冷静と情熱の間 Blu&Rosso 著者:辻一成&江国香織


 「阿形順正は私のすべてだった。(略)もしもどこかで順正が死んだら、私にはきっとそれがわかると思う。どんなに遠く離れていても。
二度と会うことはなくても」

 一番初めのこの文に私は惹かれてどうしようもなかった。あおいの恋は自分の10代後半から20代の始めの日々と重なった。ちょうど私もかつてのあおいと同じくらいの年だった頃のこと。もちろんこの小説の2人のように強く、激しく愛し合っていたわけではない。
でもなぜだろう、あのころのことが懐かしいのは。それはきっと自分が純粋だったから。打算もなくて未来もなくてその人と過ごす時間だけを見つめていたから。あの頃に帰りたいとは思わないが、あの頃の自分のことは好きだ。

 あおいの現在の恋人、アメリカ人のマーヴは完璧だと思う。あおいを本気で愛している。そして才覚があって大人。そのマーヴをあおいはどうしても愛しきることができなかった。恋愛小説に、ありがちだといえばそれまで。でも私は、それを読みながら苛立っていない自分を発見した。「どうしてマーヴと一緒にならないの」「順正よりよっぽど将来性あるのに」という現実的な声が聞こえなかった。(いつもは必ずある声なんだけど)あおいにとって順正が魂の片割れのような存在であることが文章を通して伝わってきたから。「Rosso」の舞台はミラノで、順正は日本(とあおいは思っている)。だから順正はあおいの追憶の中で時折現れるだけだった。それがとても効果的だったと思う。順正を表現する雰囲気のなんて繊細なこと。反対に「Blu」は順正が主人公で舞台は日本とフィレンツェだ。これもあおいは思い出の中に生きているだけ。でも、「Rosso」から読んだせいだろうか。それとも私が女だからだろうか。私の中にあおいが住み着いてしまった。だから順正の思い描くあおいと本当の(Rossoの)あおいとが違うと順正に「あんたは何もわかってないのね」と言いたくなる。そしてRossoに出てくる順正と本当の(Bluの)順正が違うと「所詮現実なんてこんなもんか」と思ってしまう。どうしてもあおいびいきになっている自分がいた。
 順正とともに見る世界。それはとても弱くて、頼りなさげ。
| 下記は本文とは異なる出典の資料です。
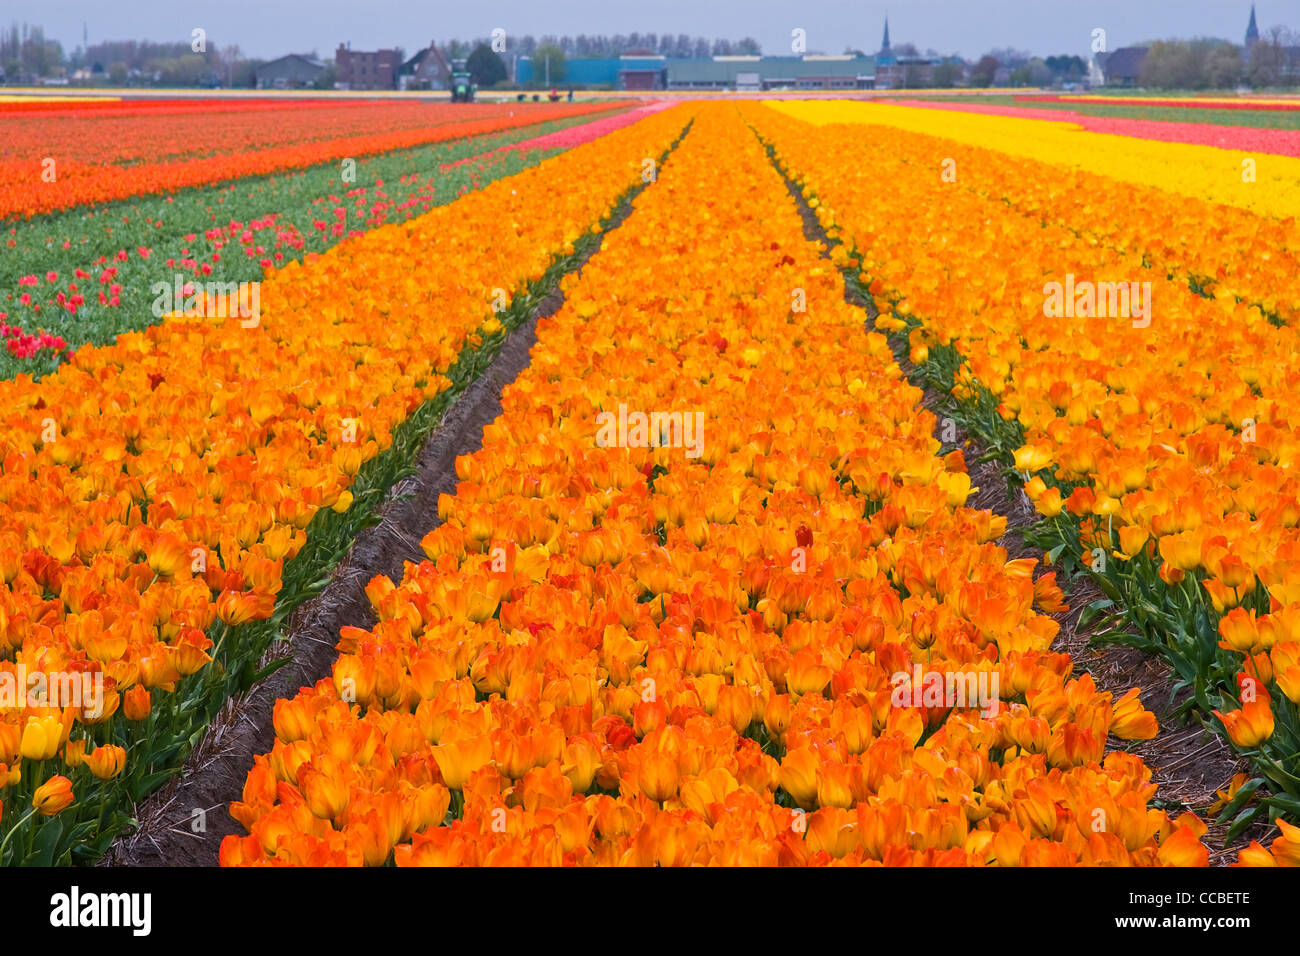 Champs de tulipes aux Pays-Bas au printemps - les champs d'orange, rouge et jaune à l'horizon de tulipes Banque D'Images

マーヴの方が頼れていいじゃないかと思ってしまうが、マーヴとは違う繊細さと弱さがあって(マーヴにも弱さと繊細さはある。それが江国香織のいいところだと思う)、それは女として守りたくなるような母性が働くようなそんな弱さ。芸術家だからかもしれない。最後に2人は出会う。10年の時を越えて。お互い半分あきらめながら、約束のドゥオモで。約束の力。この約束がなければ偶然以外に二人は再会する機会はなかった。過去の約束。未来をも縛る。約束は未来を既定する力があるんだと思った。何もない真っ白な未来に置く布石。最後に2人がどうしても現在フリーであることを言い出せなかったのがまたよかった。お互い恋人と幸せなフリ。そしてまた別れる。辛い気持ちをおしやって。
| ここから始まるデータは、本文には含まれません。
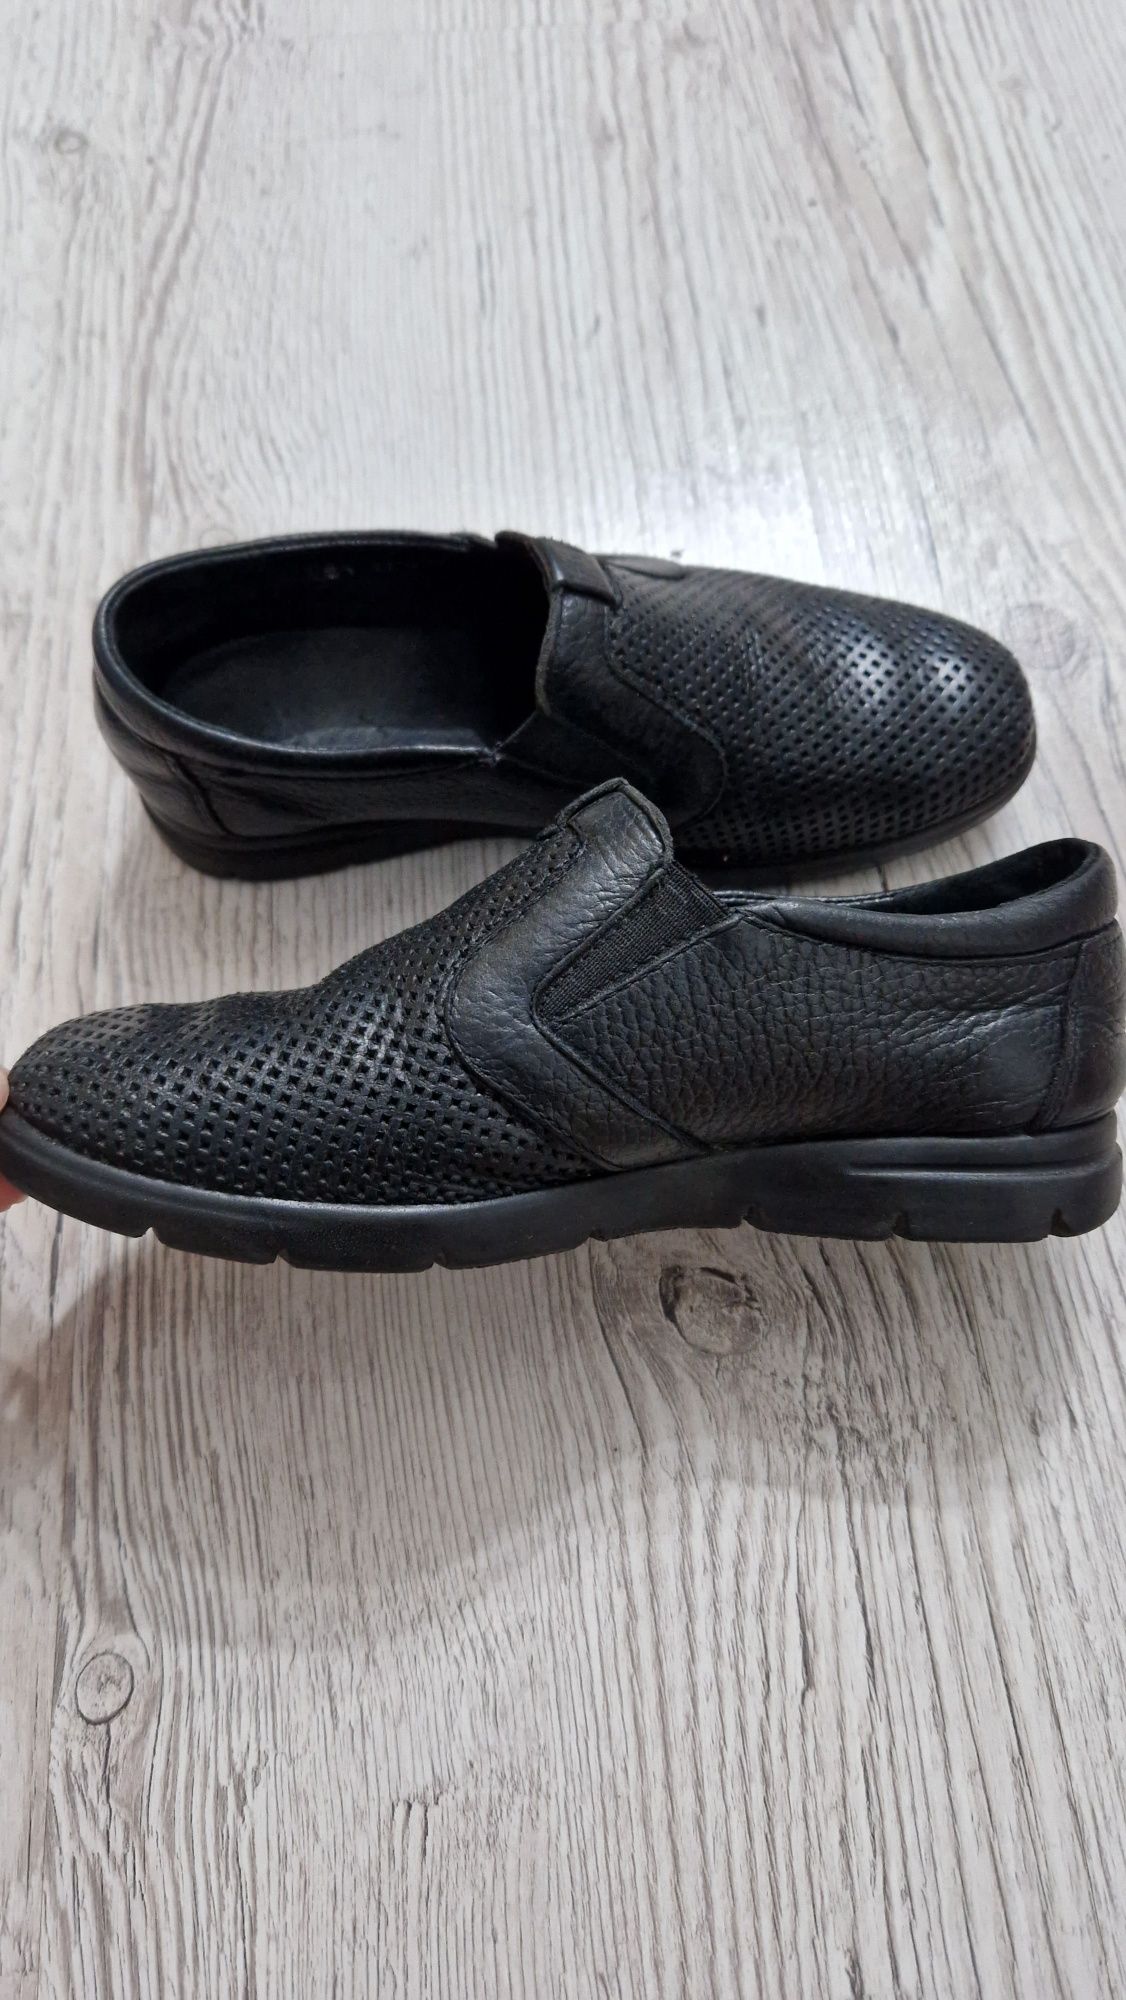 Продам туфли кожаные школьные для мальчика unichel, размер 31

 でも「Rosso」から読んでよかったと思ったのは「Blu」では、別れてから順正が思い直してミラノまで追いかけようとするところで話が終わっていること。ハッピーエンドを臭わせる終わり方。「Rosso」であきらめていた後だったから、意外性があって、それもとても嬉しい意外性でよかった。でも、ハッピーエンドじゃなくて、お互い心の中で思い合いながら生きて行く方がいいかもしれないけど。一緒にいることで愛が変わってしまうよりは。なんて、ペシミスティックなことも考えてしまうけど・・・。